Acri Capital Acquisition in an 8-K said it revised the lock-up provision on its deal with Foxx Development, which now requires shareholders who own more than 5% of the outstanding shares to agree not to sell any shares until the earlier of: (A) six months after the merger closing, or (B) the date on which the last reported sale price of the stock hits at least $12 per share (as adjusted for share splits, share dividends, reorganizations and recapitalizations) for any 20 trading days within any 30-trading day period commencing after the closing.
Foxx Development is a Texas-based consumer electronics and integrated Internet-of-Things (IoT) solution company.

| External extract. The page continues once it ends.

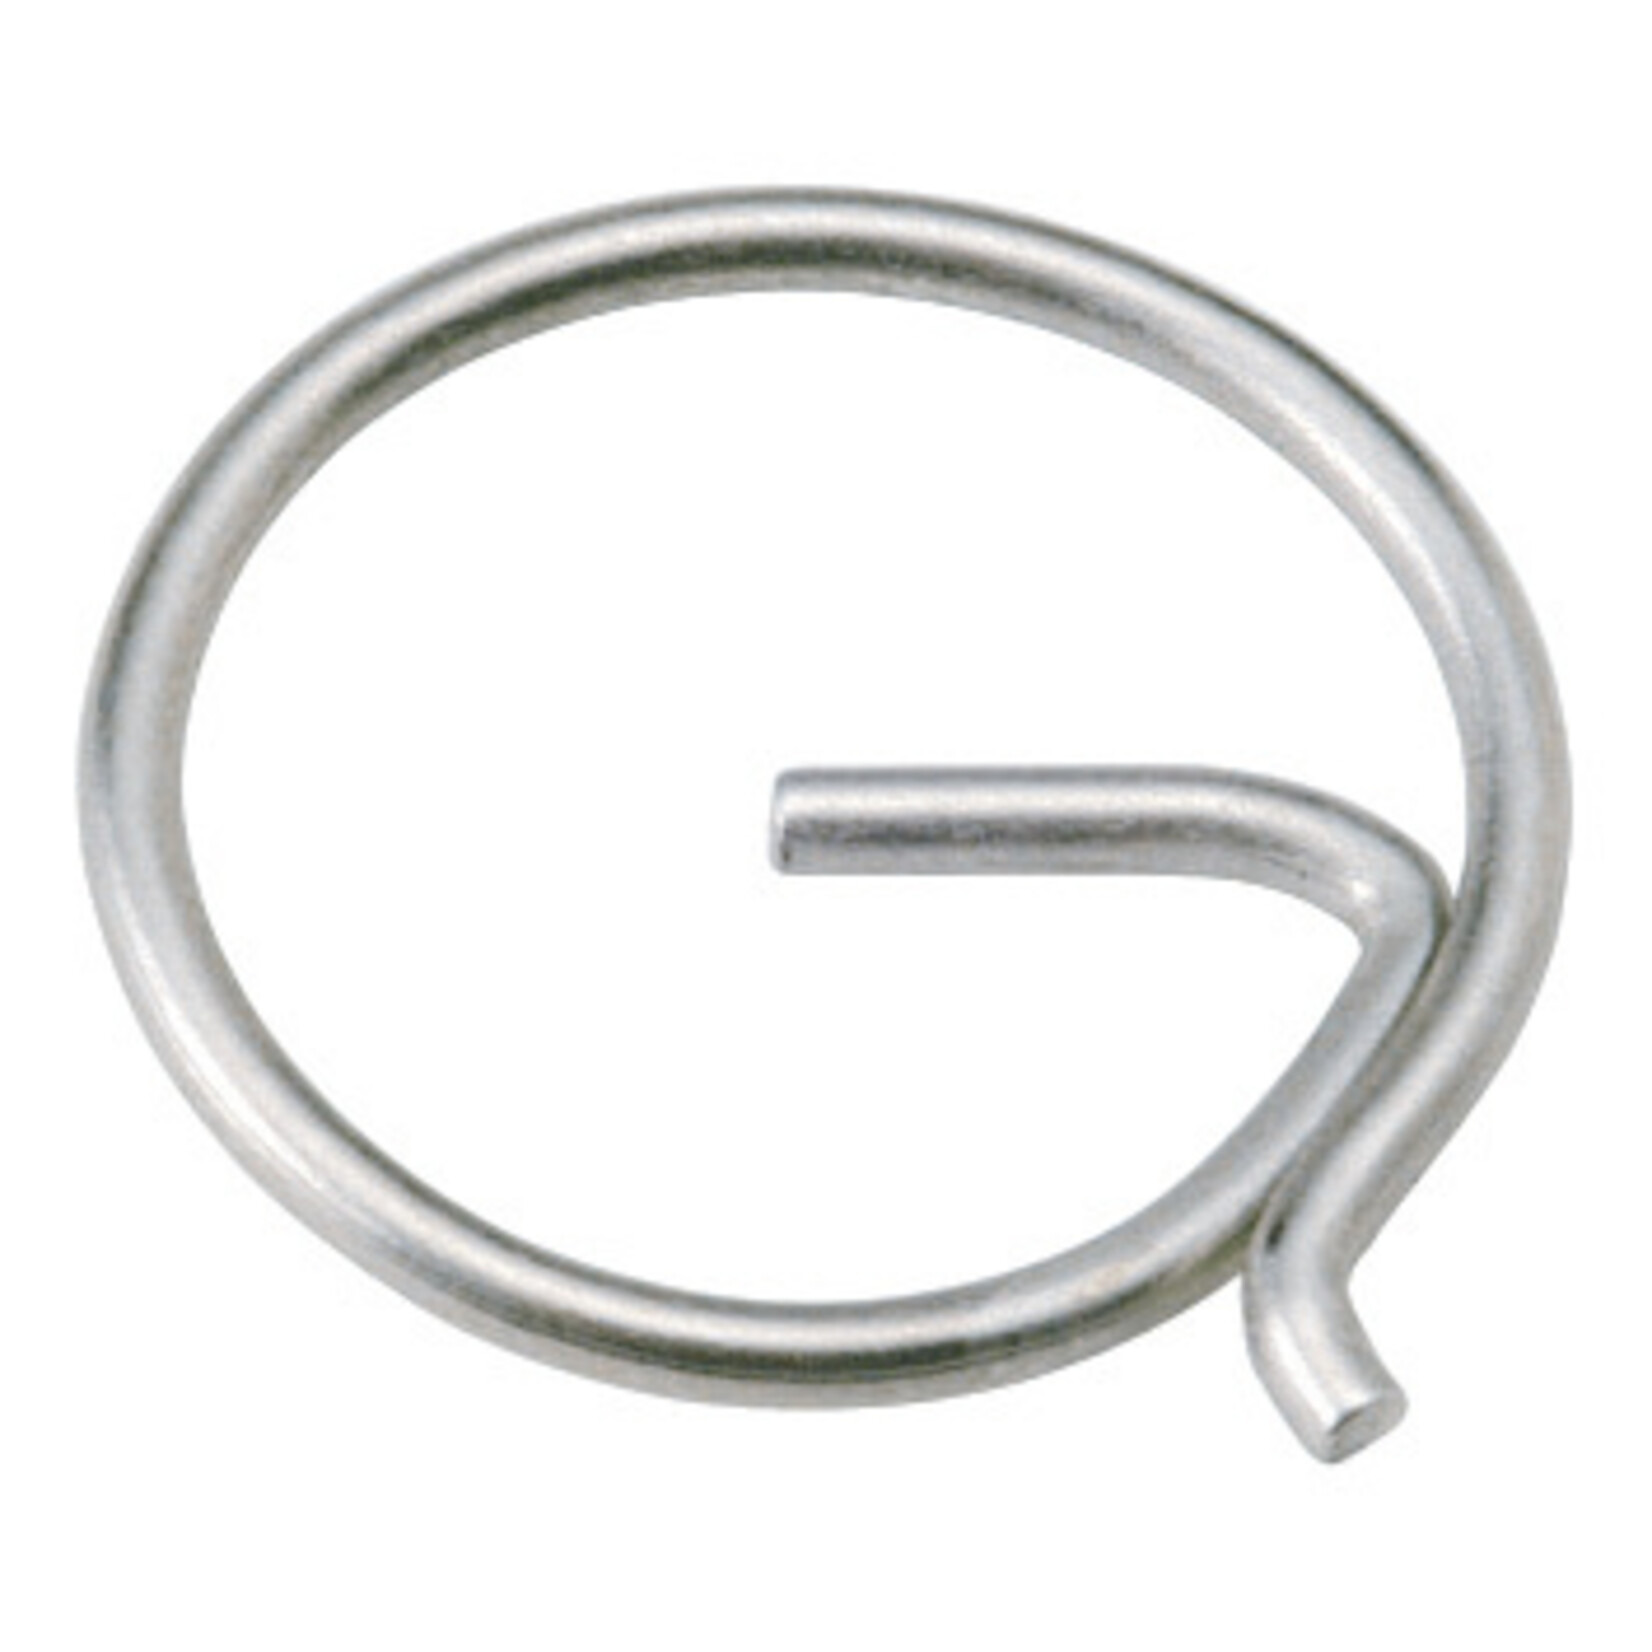 Plastimo Split ring s/s 11mm f/rigg screw
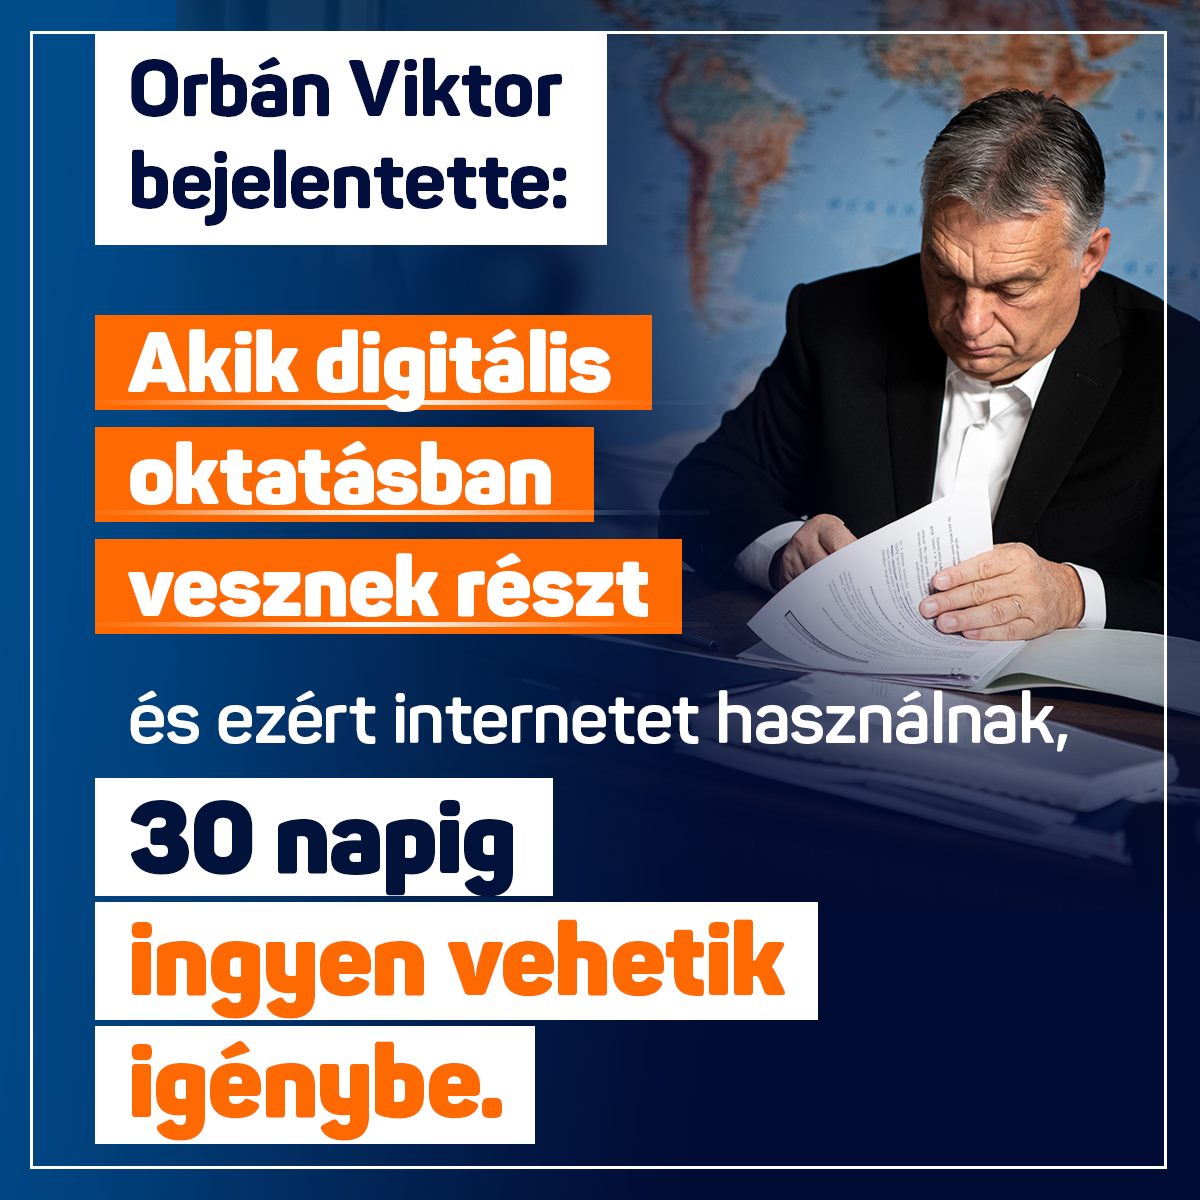 Orbán Viktor – Akik digitális oktatásban vesznek részt és ezért internetet használnak, 30 napi ingyen vehetik igénybe.

Acri announced the deal with Foxx in February. Terms call for the SPAC to issue $50 million in stock. In addition, up to 4.2 million earnout shares may be issued to Foxx stockholders upon achievement of certain financial performance milestones for the fiscal years ending June 30, 2024 and June 30, 2025.
If approved, upon closing the combined company expects to list on the Nasdaq.
Established in 2017, Foxx caters to both retail and institutional clients. The company sells a range of products including mobile phones, tablets and other consumer electronics devices throughout the United States, and is in the process of developing and distributing end-to-end communication terminals and IoT solutions.
Acri had raised $86.25 million in its June 2022 IPO, with plans to target technology-enabled sectors in North America. The SPAC last year stepped down to the Nasdaq Capital Market after falling below the Nasdaq’s $50 million minimum market cap requirement. Read more.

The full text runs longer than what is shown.